GIVEN MATERIAL:
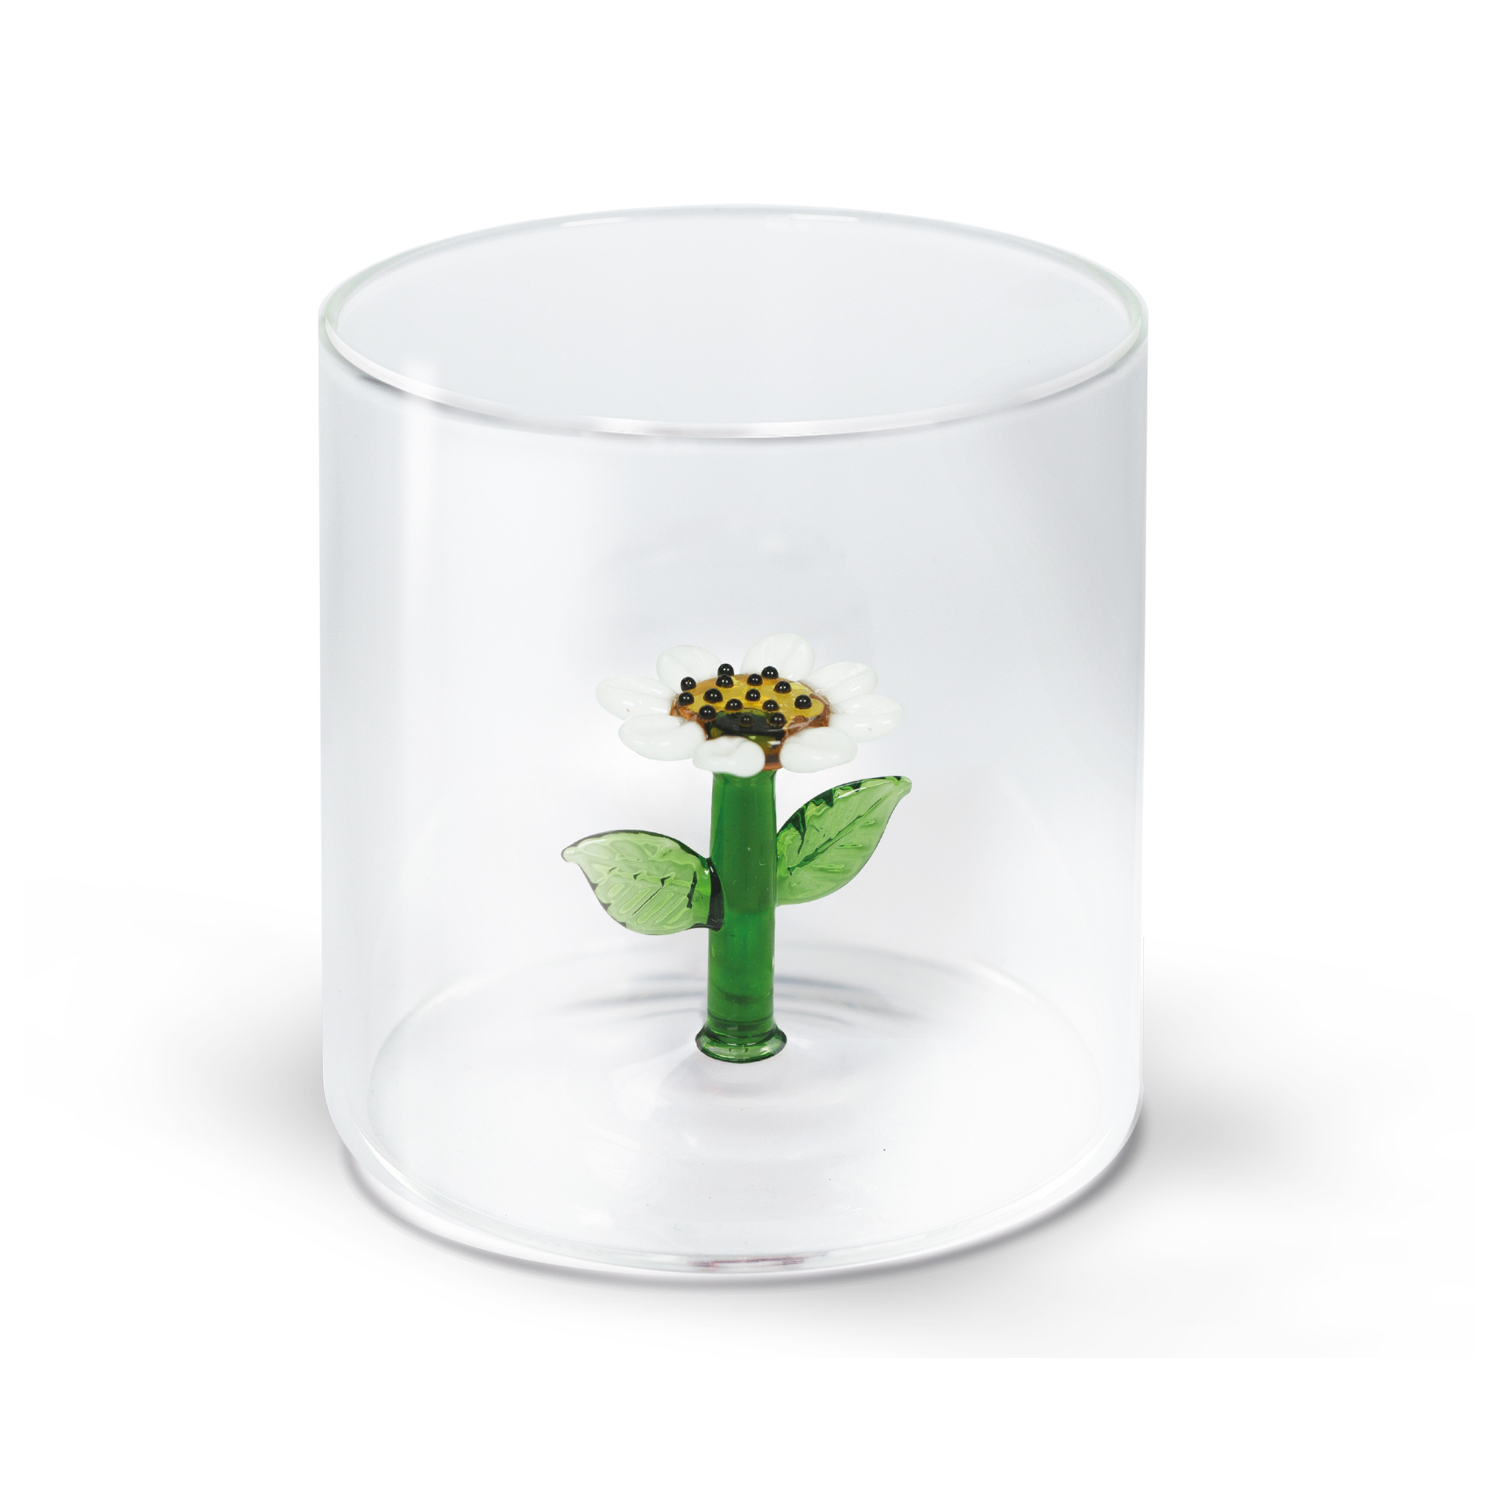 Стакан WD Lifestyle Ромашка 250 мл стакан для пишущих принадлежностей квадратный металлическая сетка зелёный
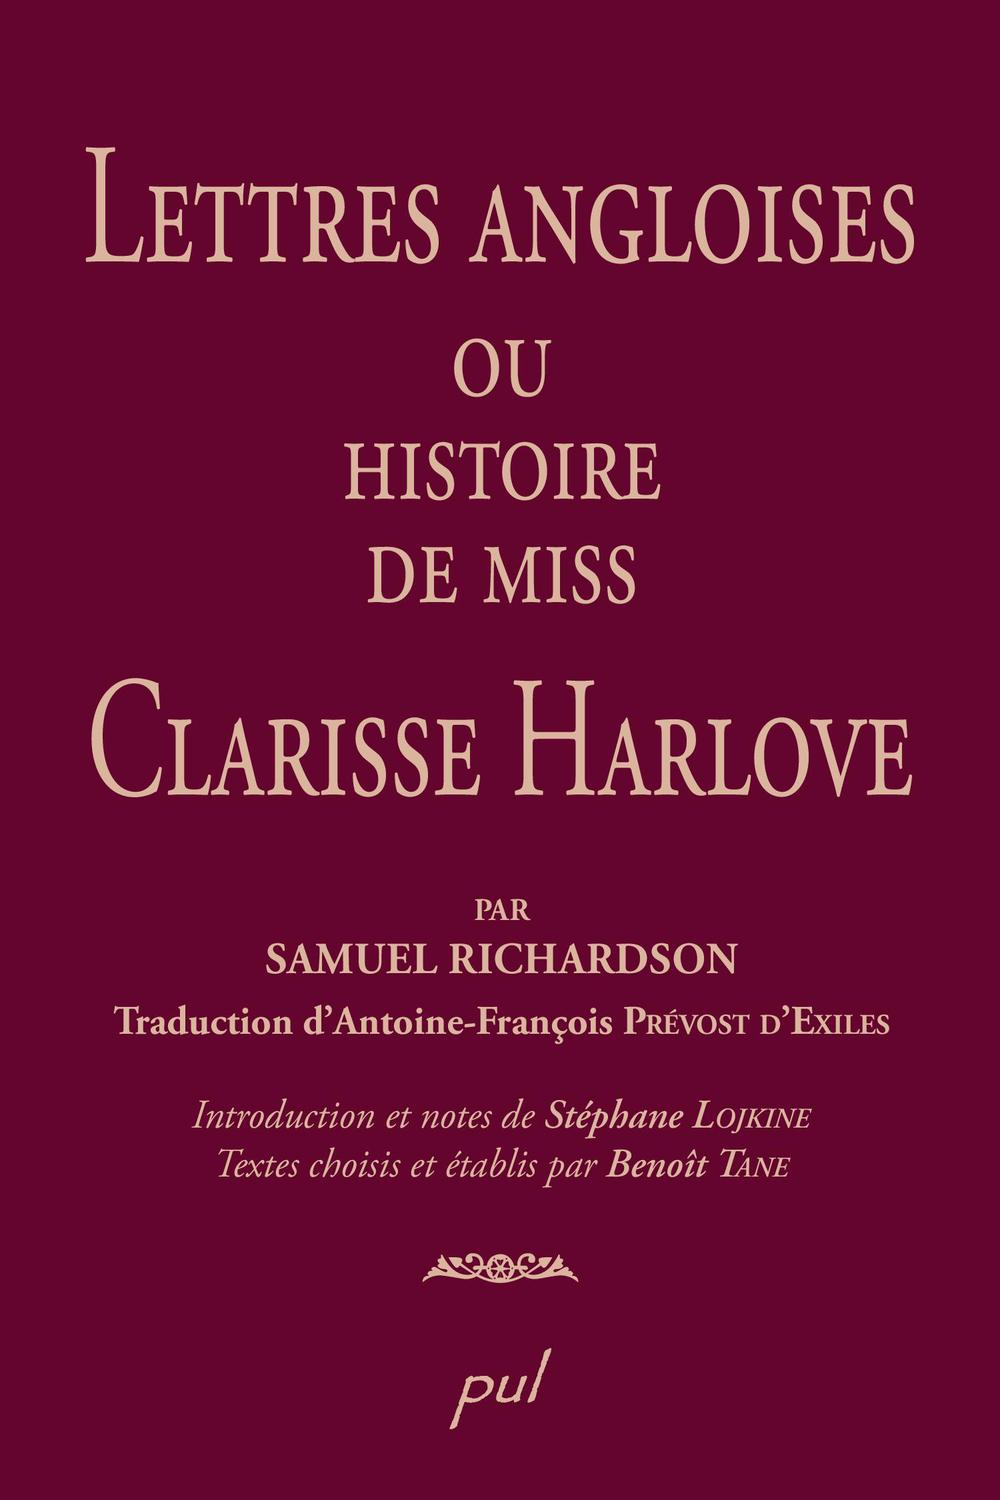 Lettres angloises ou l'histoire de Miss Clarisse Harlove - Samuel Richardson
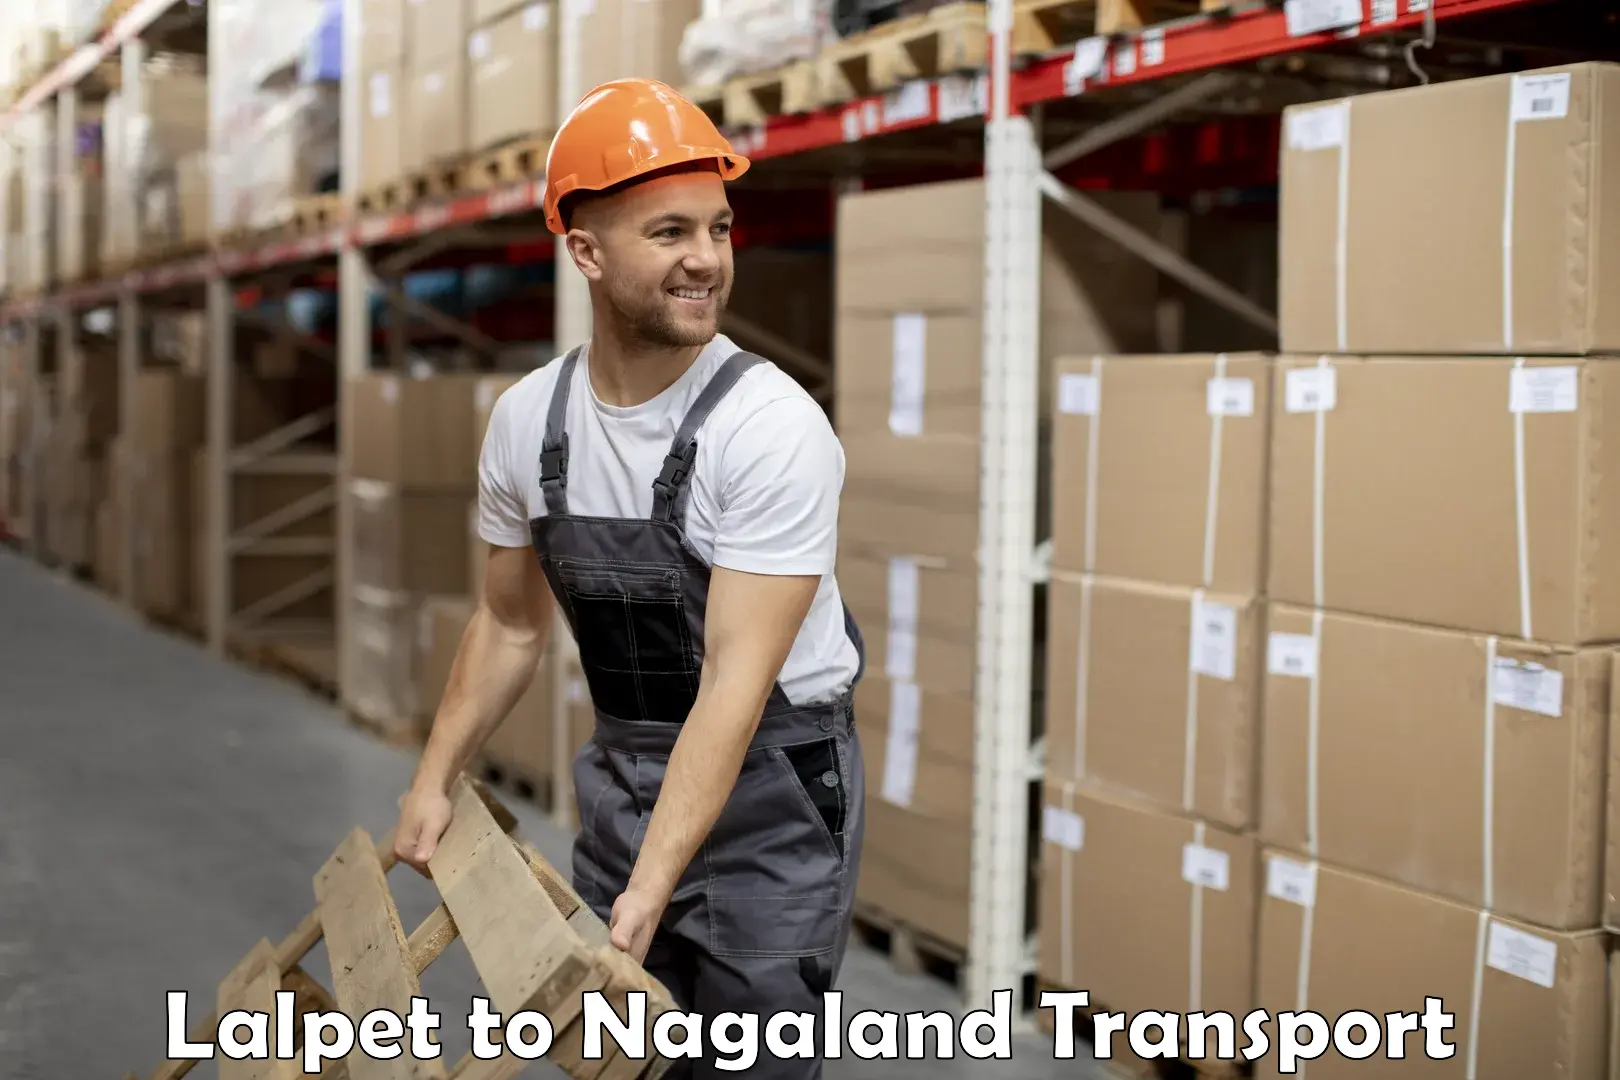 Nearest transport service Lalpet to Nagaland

PROBLEM REQUIREMENTS:
Word for word, output the whole listing, but not its pictures.

ANSWER:
 Стакан WD Lifestyle Ромашка 250 мл стакан для пишущих принадлежностей квадратный металлическая сетка зелёный
 Lettres angloises ou l'histoire de Miss Clarisse Harlove - Samuel Richardson
 Nearest transport service Lalpet to Nagaland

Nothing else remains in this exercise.